Move over Obama

Hot on the heels of some discussion of racial attitudes in Asia, “China has called up its first black athlete”: Ding Hui, whose mother in Chinese and whose father is from South Africa, has “joined the national volleyball team”: Just as Americans think they have ‘ended race’ by reinforcing racial classification so strongly that a kid with parents from Kenya and Kansas raised in Manoa and Indonesia gets labelled as ‘black’ (and elected as president), so too the head coach of the National Youth Volleyball team, Zhou Jian’an, says “We pick players for their ability and to meet the needs of the team as a whole… He’s no different from the other players. They are all Chinese.” The head coach of his league volleyball team also notes: “He’s also a great singer and dancer.” The Telegraph reports that “On Chinese internet forums, he has been lauded for the ‘whiteness’ of his teeth and the ‘athleticism of his genes’.”

All of which is to say that inverting the moral valuation of different forms of racial classification is not the same thing as dismantling the system of classification itself.


Alex Golub is an associate professor of anthropology at the University of Hawai‘i at Mānoa. His book Leviathans at The Gold Mine has been published by Duke University Press. You can contact him at

3 thoughts on “Move over Obama

  1. I wonder, too, how much the coach’s words reflect the official position of the Chinese state. I’m reminded of the offical Mexican position, that “we are all Mestizos” — which is used to minimize the claims of ethnic autonomy and self-determination of indigenous people in Chiapas and Oaxaca, for example.

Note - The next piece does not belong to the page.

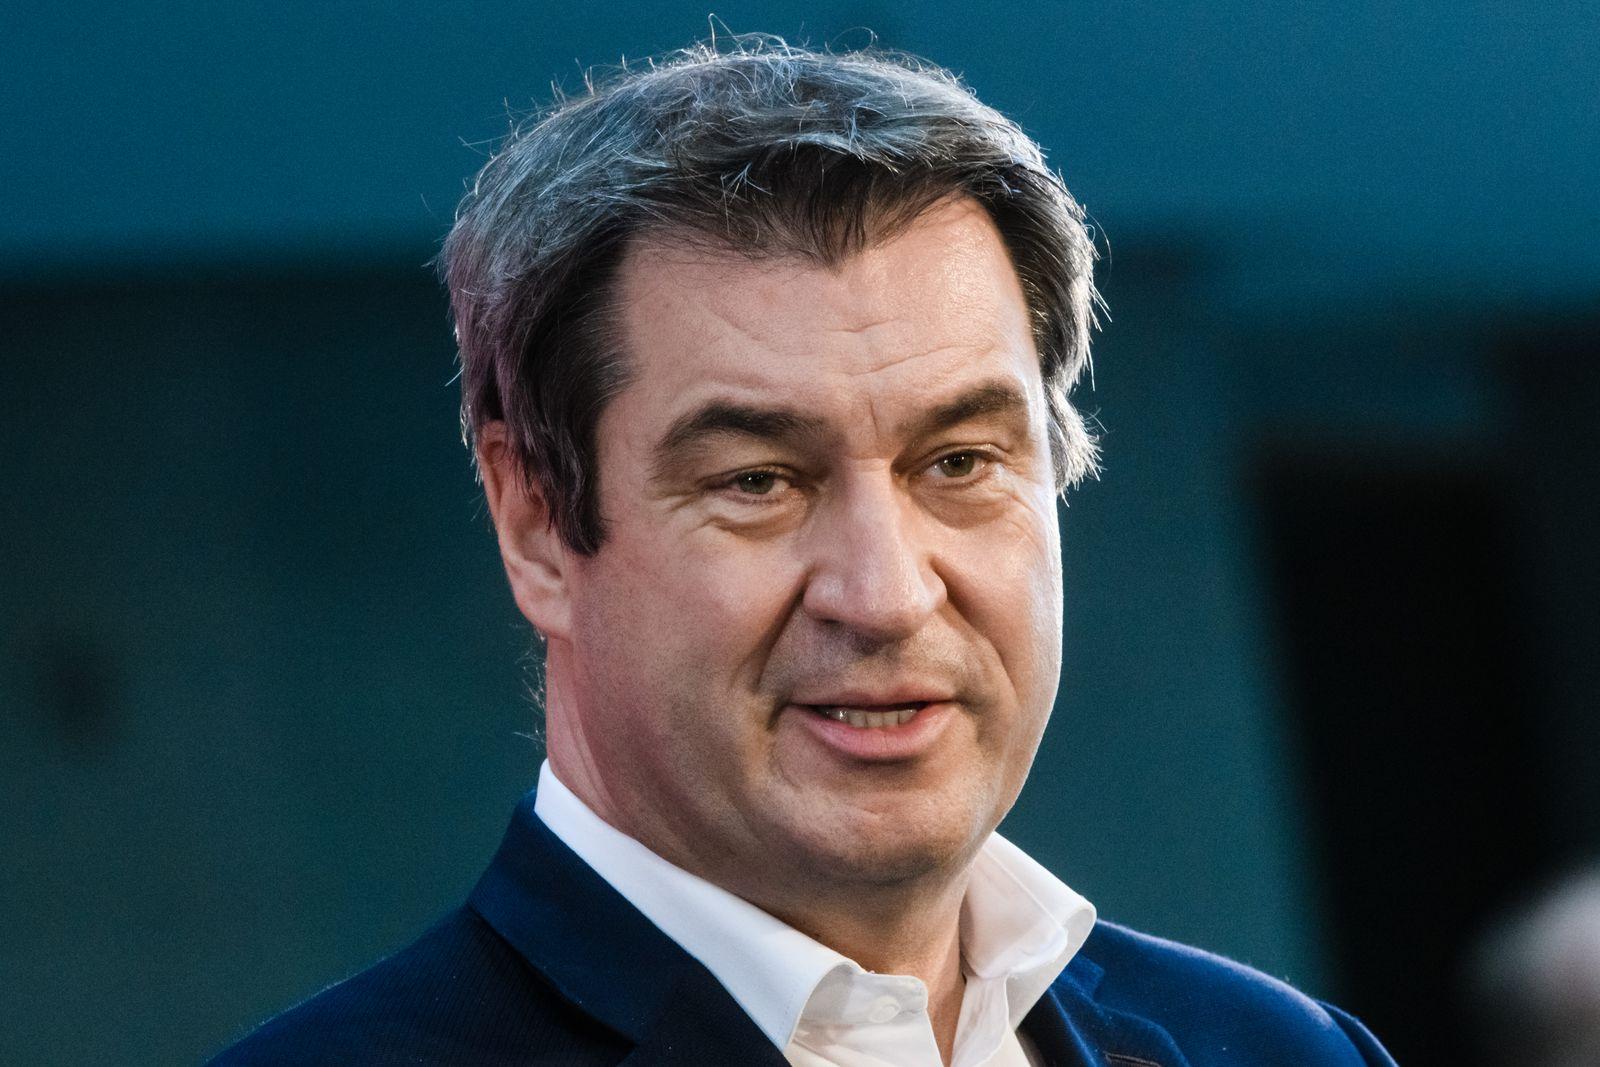 CDU/CSU Meet As Chancellor Candidacy Question Lingers
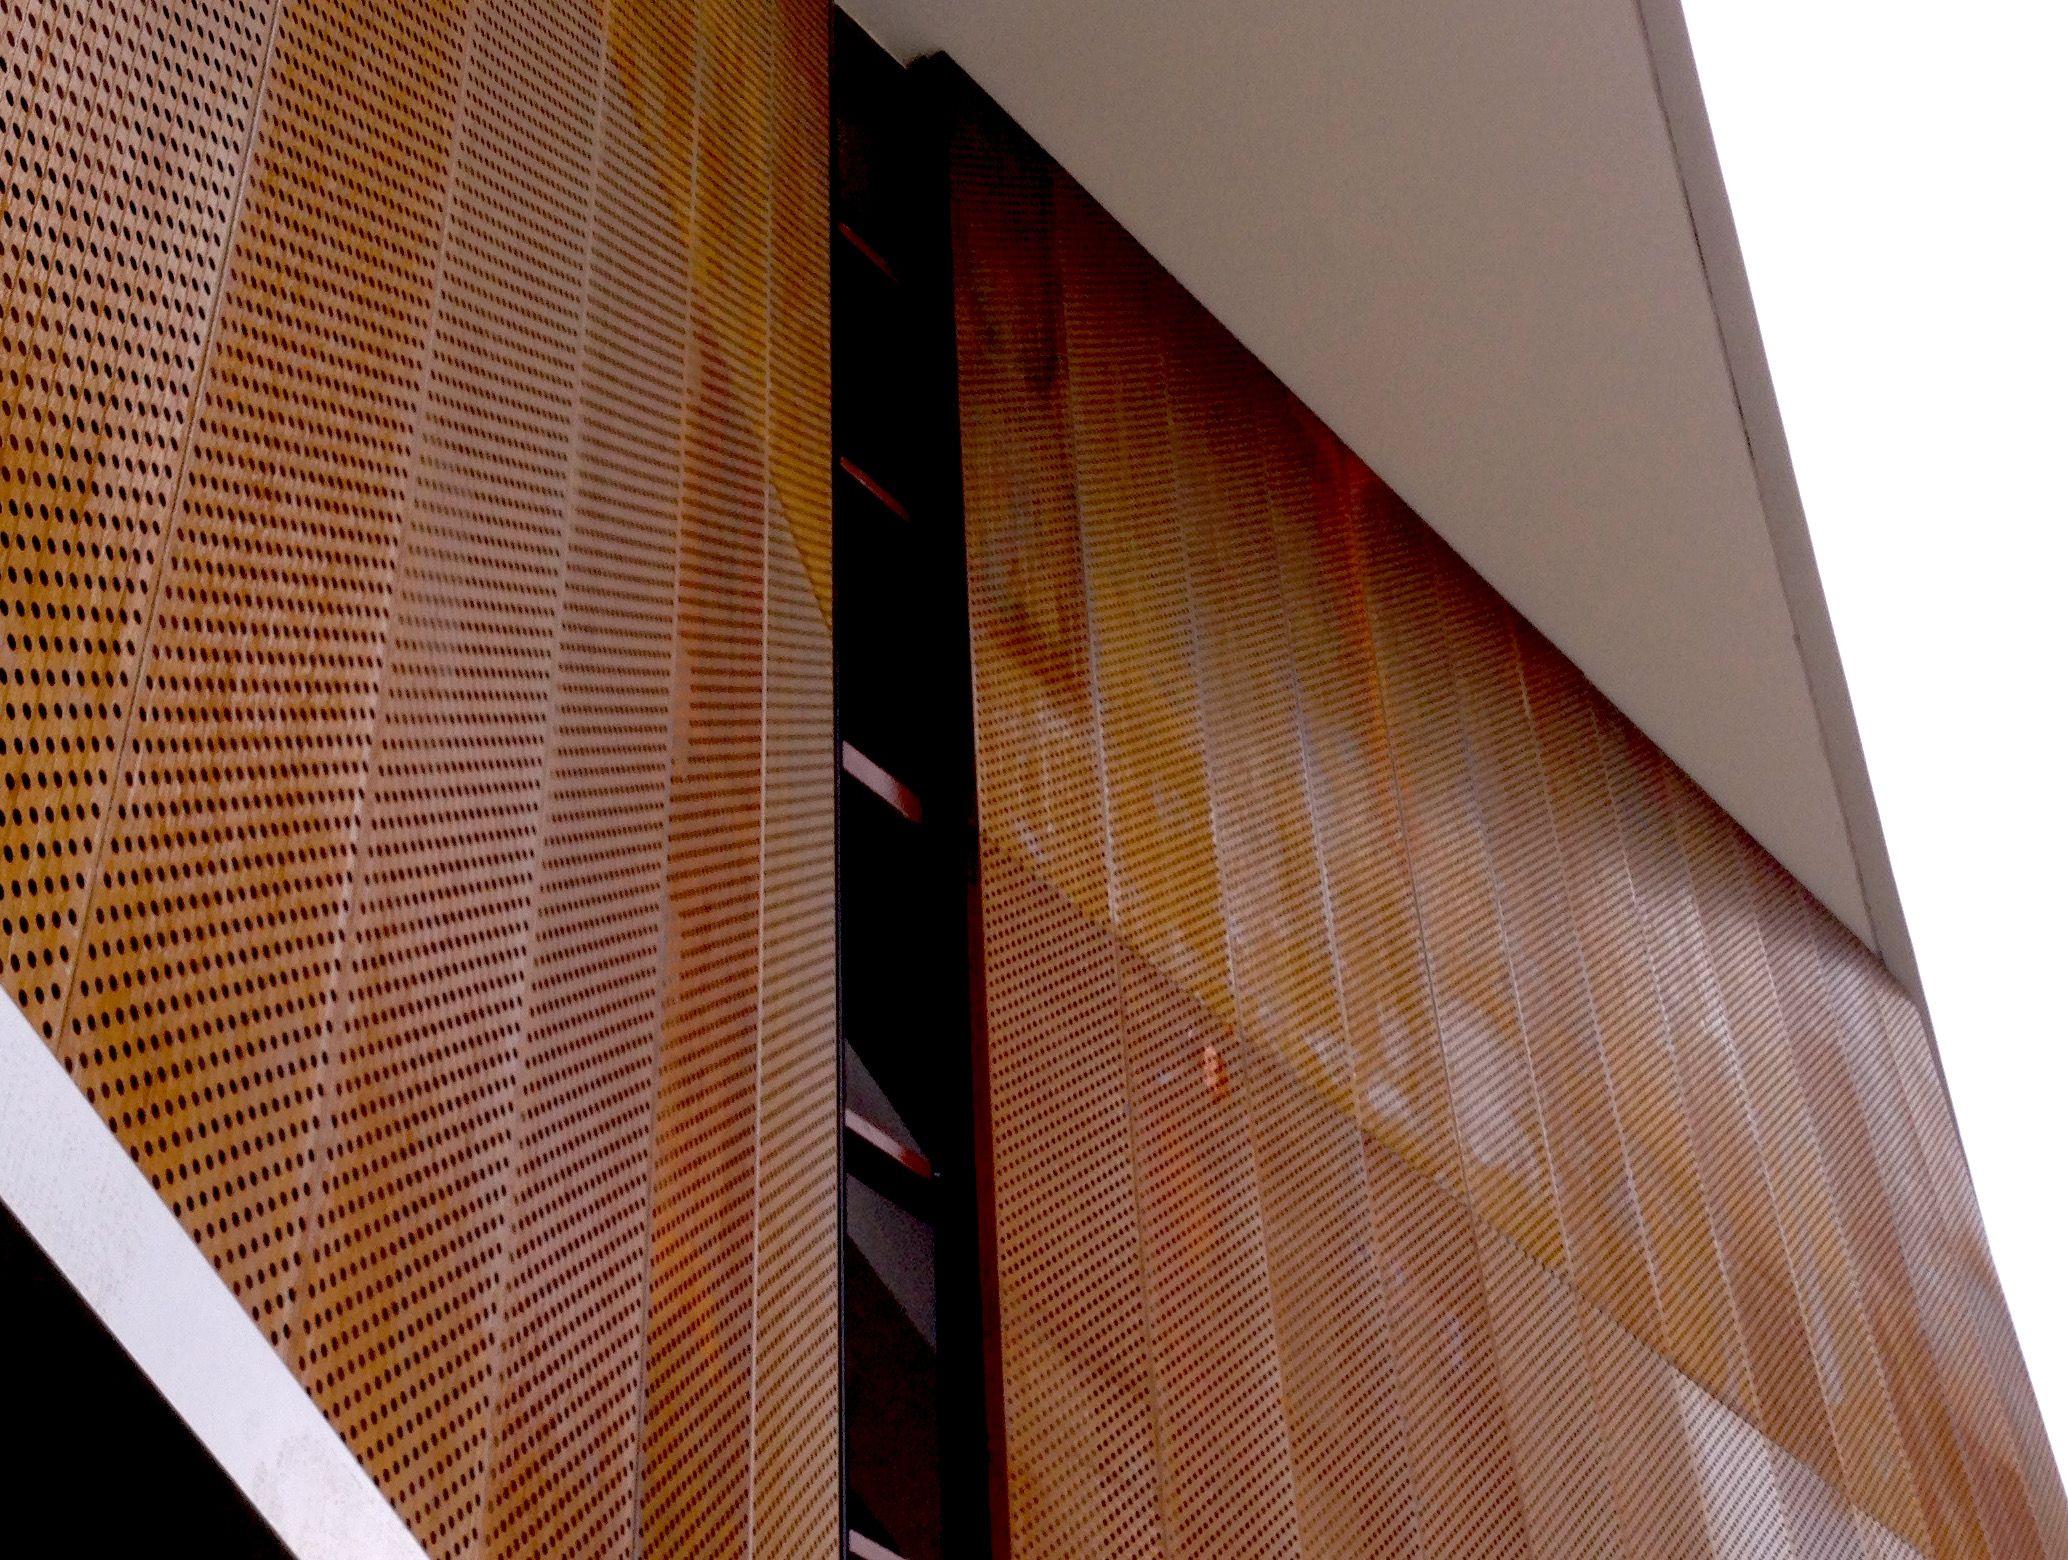 Detalle fachada en acero corten perforado arquitectura for Fachada acero corten

  2. Officially, all of the 56 recognized ethnicities in China are equal and all are seen as Chinese, but not Han Chinese.

    Ethnic autonomy is also official recongnized by the national government within the autonomus regions, cities and counties. Self-determination is right out though.

    As with everything in China, this official recognition might mean nothing at the provincial or lower levels of government.

  3. Reminds me of a conversation I had in China once.
    “I like Jews, Jews are really smart. Don’t you think so?”
    “I don’t really think you can say that.”
    “Why, do you think Jews are stupid?”